According to the latest fixed increase plan, after this non-public offering, the largest shareholder and Tai’an Cheng will hold 29.99% equity of the listed company and remain the largest shareholder of the listed company; At that time, the number of shares held by the largest shareholder of the company will be significantly ahead of other shareholders of the company. The company will be changed into an enterprise with controlling shareholders and actual controllers. The largest shareholder will become the controlling shareholder and Huo bin, the actual controller of the largest shareholder, will become the actual controller of the listed company.
However, this plan must be opposed by the company’s directors. Jiao Zuo Wan Fang Aluminum Manufacturing Co.Ltd(000612) announced on December 2 that on November 19, 2021, the company informed all directors to confirm to sign relevant documents after reviewing the report on stock issuance and listing announcement of non public development banks in 2020 (hereinafter referred to as “listing announcement”). During this period, one director failed to sign the relevant documents of the listing announcement, and the company carefully discussed, studied and analyzed with the lawyer of Beijing Tongshang law firm, the legal consultant undertaking the non-public offering. Tongshang lawyer believes that one director failed to sign the relevant documents of the listing announcement for the non-public offering, In accordance with the procedural requirements set forth in Article 82 of the securities law, it shall not constitute a failure to meet the substantive legal conditions for this offering.

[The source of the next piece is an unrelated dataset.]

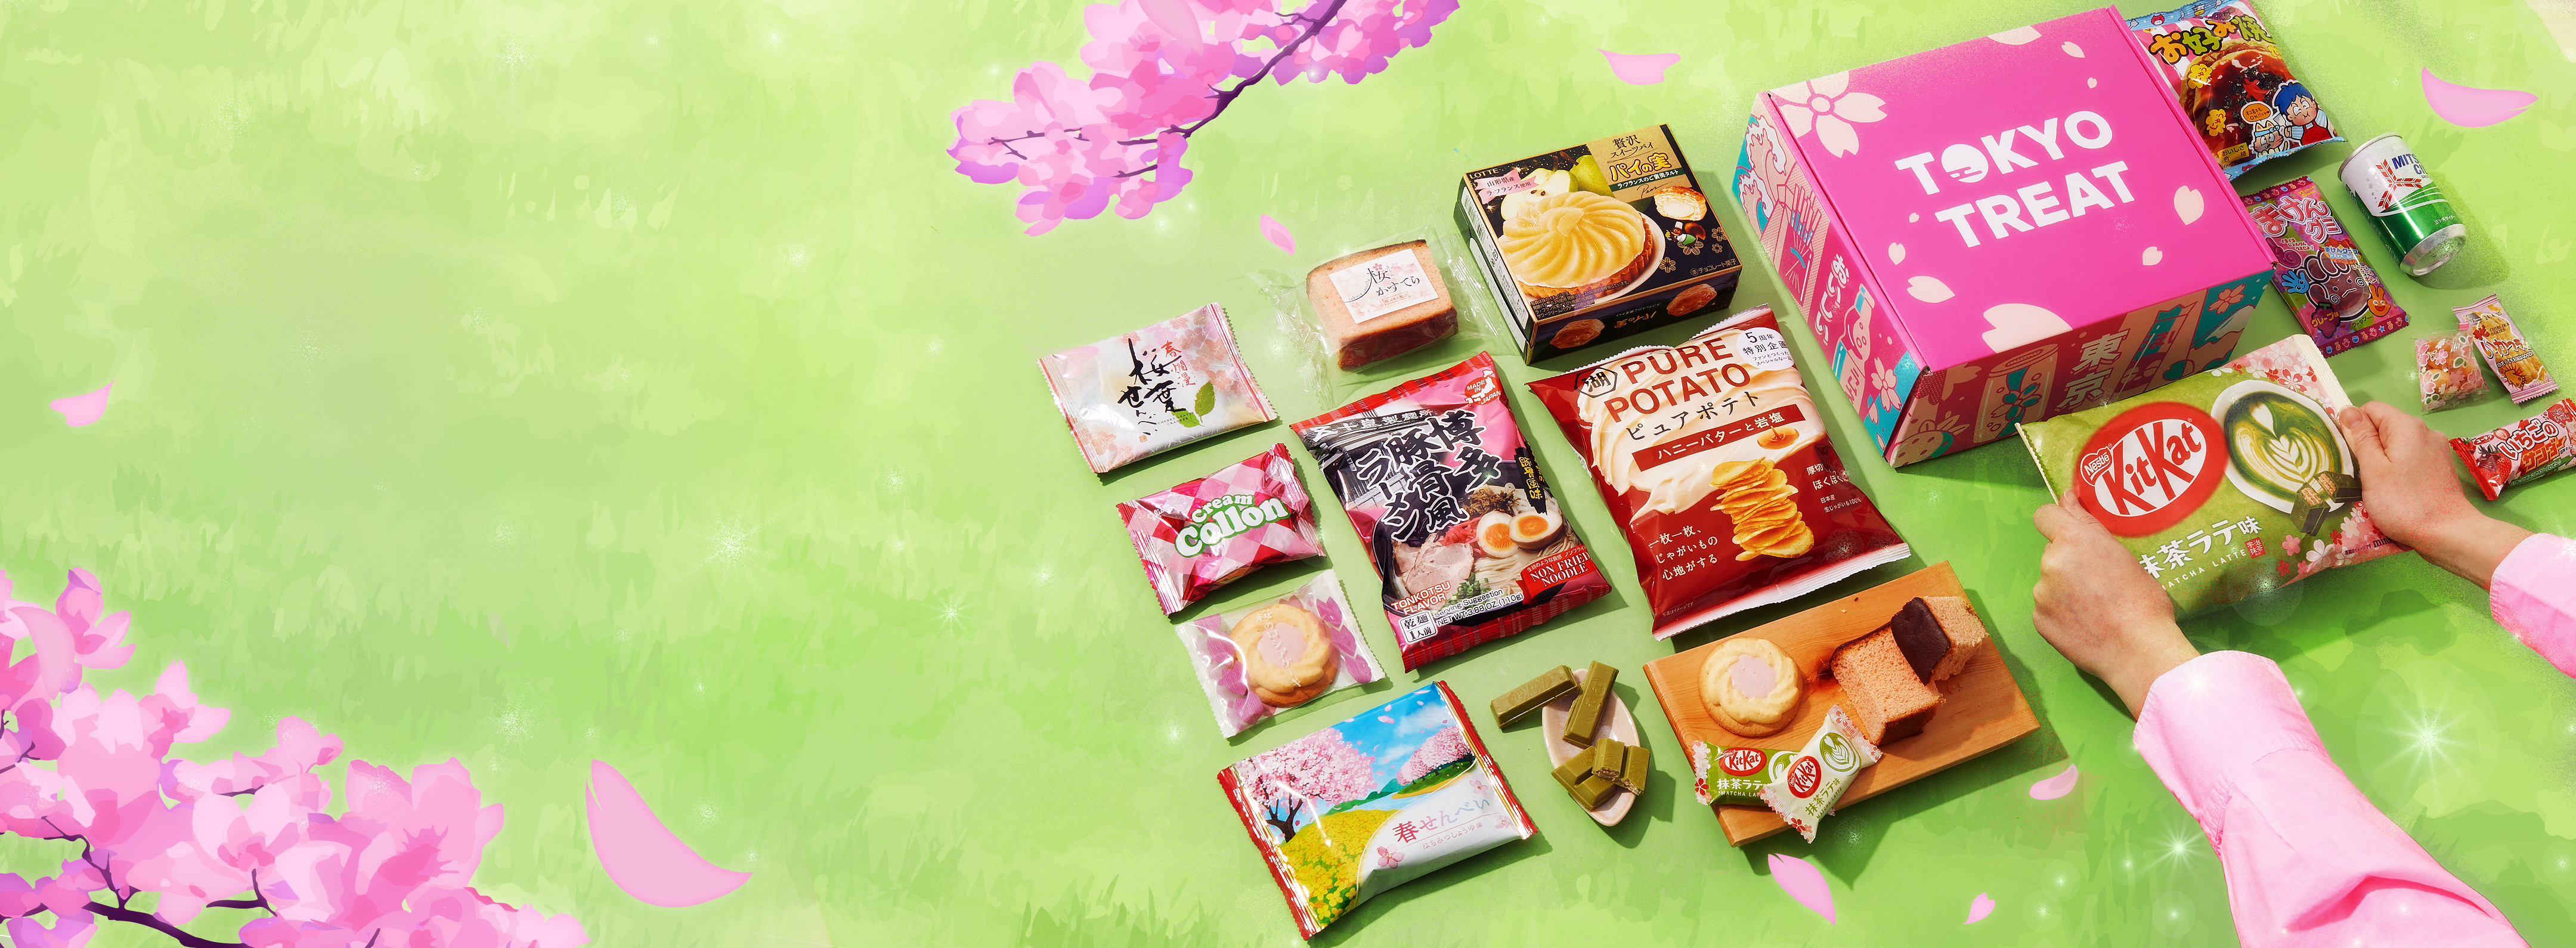 TokyoTreat box sits against a bright green grass background, surrounded by box items and cherry blossoms.

According to the announcement of Jiao Zuo Wan Fang Aluminum Manufacturing Co.Ltd(000612) , subsequently, the lead underwriter Dongxing Securities Corporation Limited(601198) notified the company to unilaterally decide to terminate the non-public offering on the grounds that a director of the company failed to sign the listing announcement and was unable to complete the submission of underwriting summary documents. Beijing Tianda Gonghe (Shenzhen) law firm sent a letter to the opinion that, according to Article 82 of the securities law, the directors’ signing of the relevant documents of the listing announcement is the requirement of fulfilling the directors’ duty of diligence, and the failure of one director to sign the listing announcement does not constitute a legal cause for Dongxing Securities Corporation Limited(601198) unilateral termination of the non-public offering, Dongxing Securities Corporation Limited(601198) the above acts also violate the provisions of the sponsorship and underwriting agreement signed with the company.